> [Instructions for the task] A faithful, word-for-word copy of the data below is required, without pictures.

> [Given information]
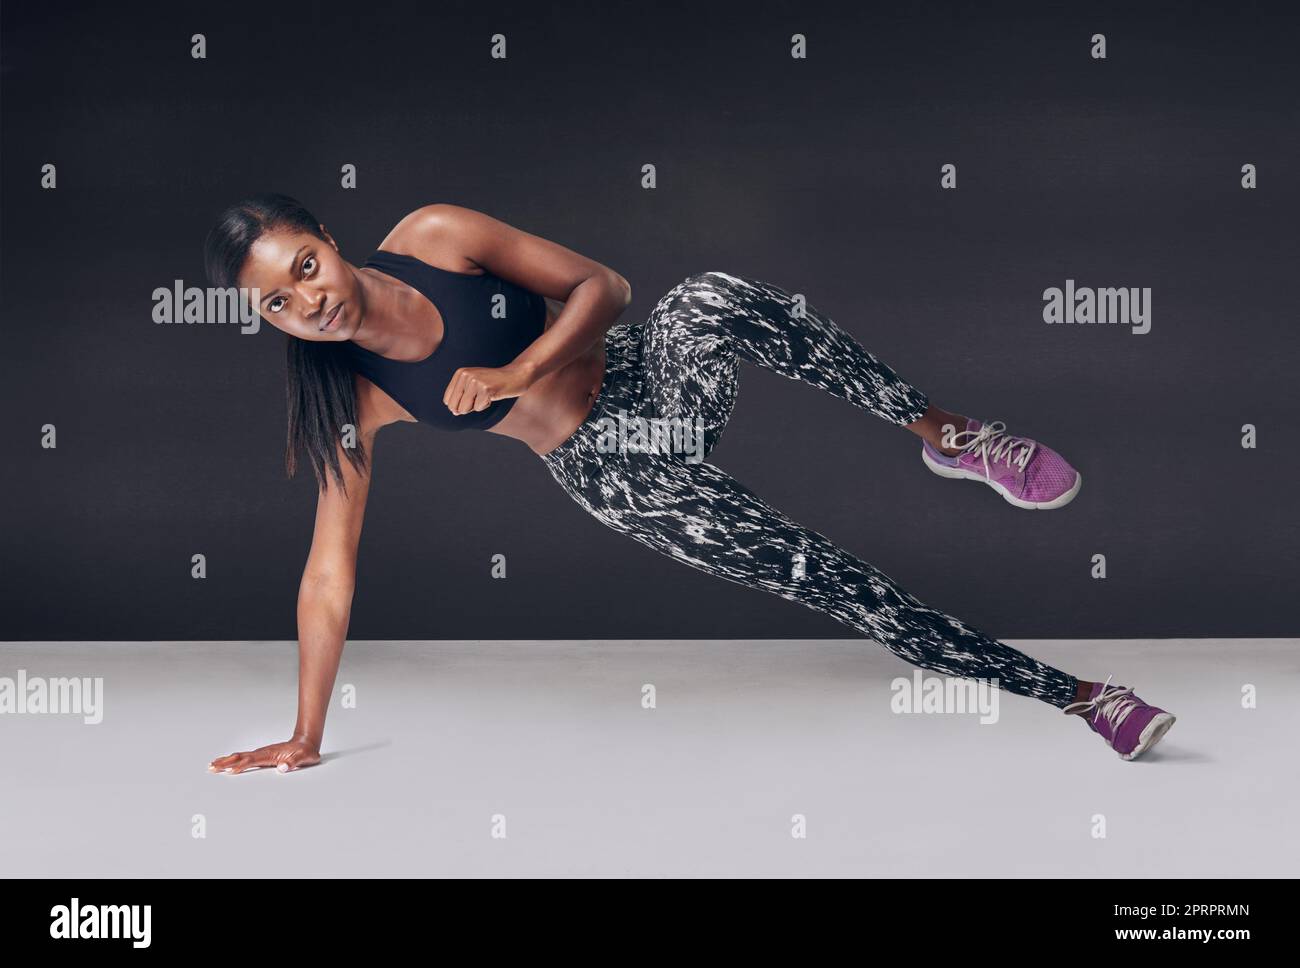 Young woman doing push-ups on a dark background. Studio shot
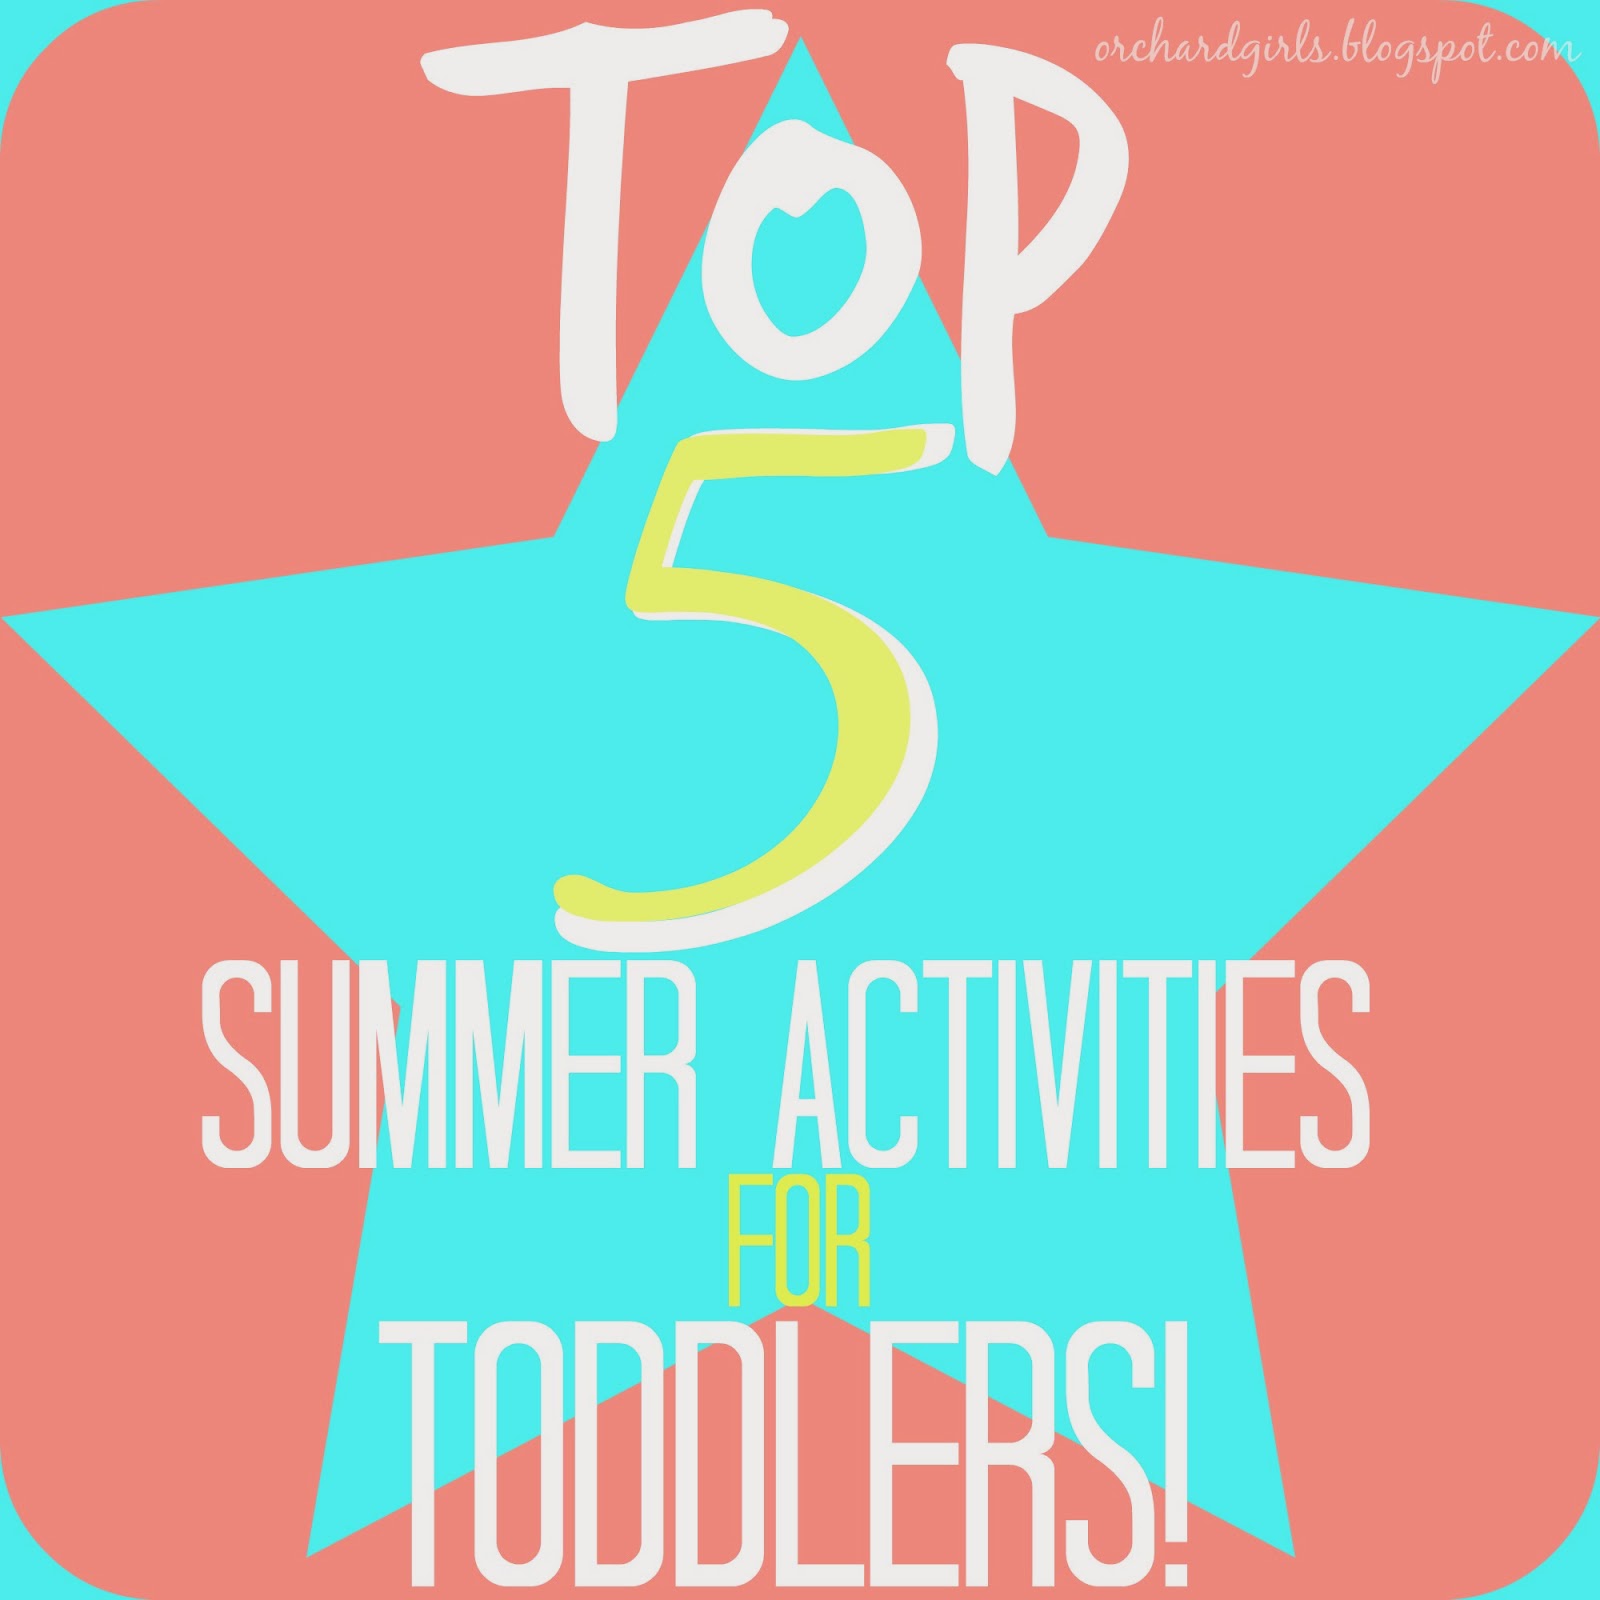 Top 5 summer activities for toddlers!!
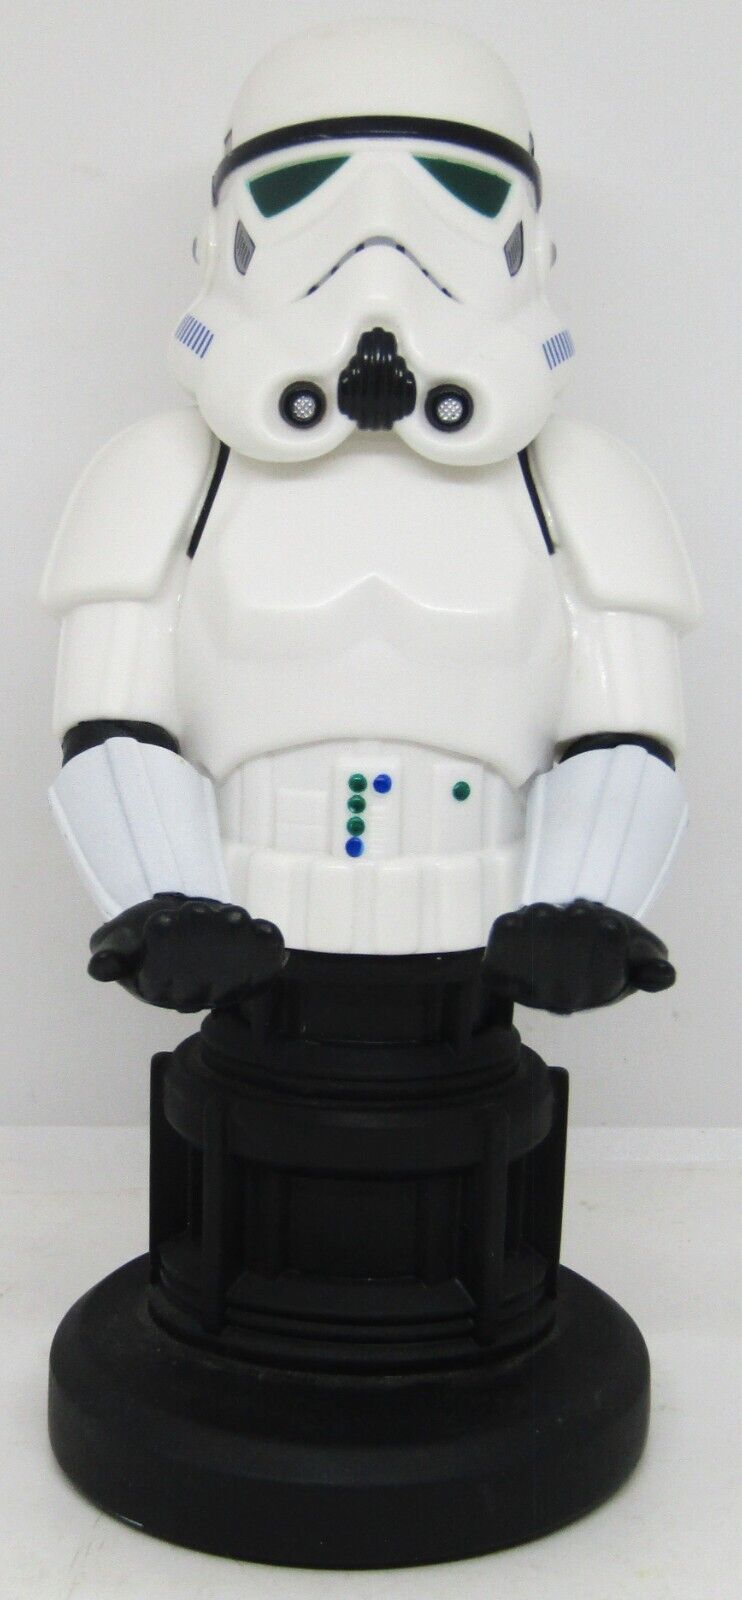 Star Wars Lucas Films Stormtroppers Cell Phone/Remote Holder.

> [Response]
 Young woman doing push-ups on a dark background. Studio shot
 Top 5 summer activities for toddlers!!
 Star Wars Lucas Films Stormtroppers Cell Phone/Remote Holder.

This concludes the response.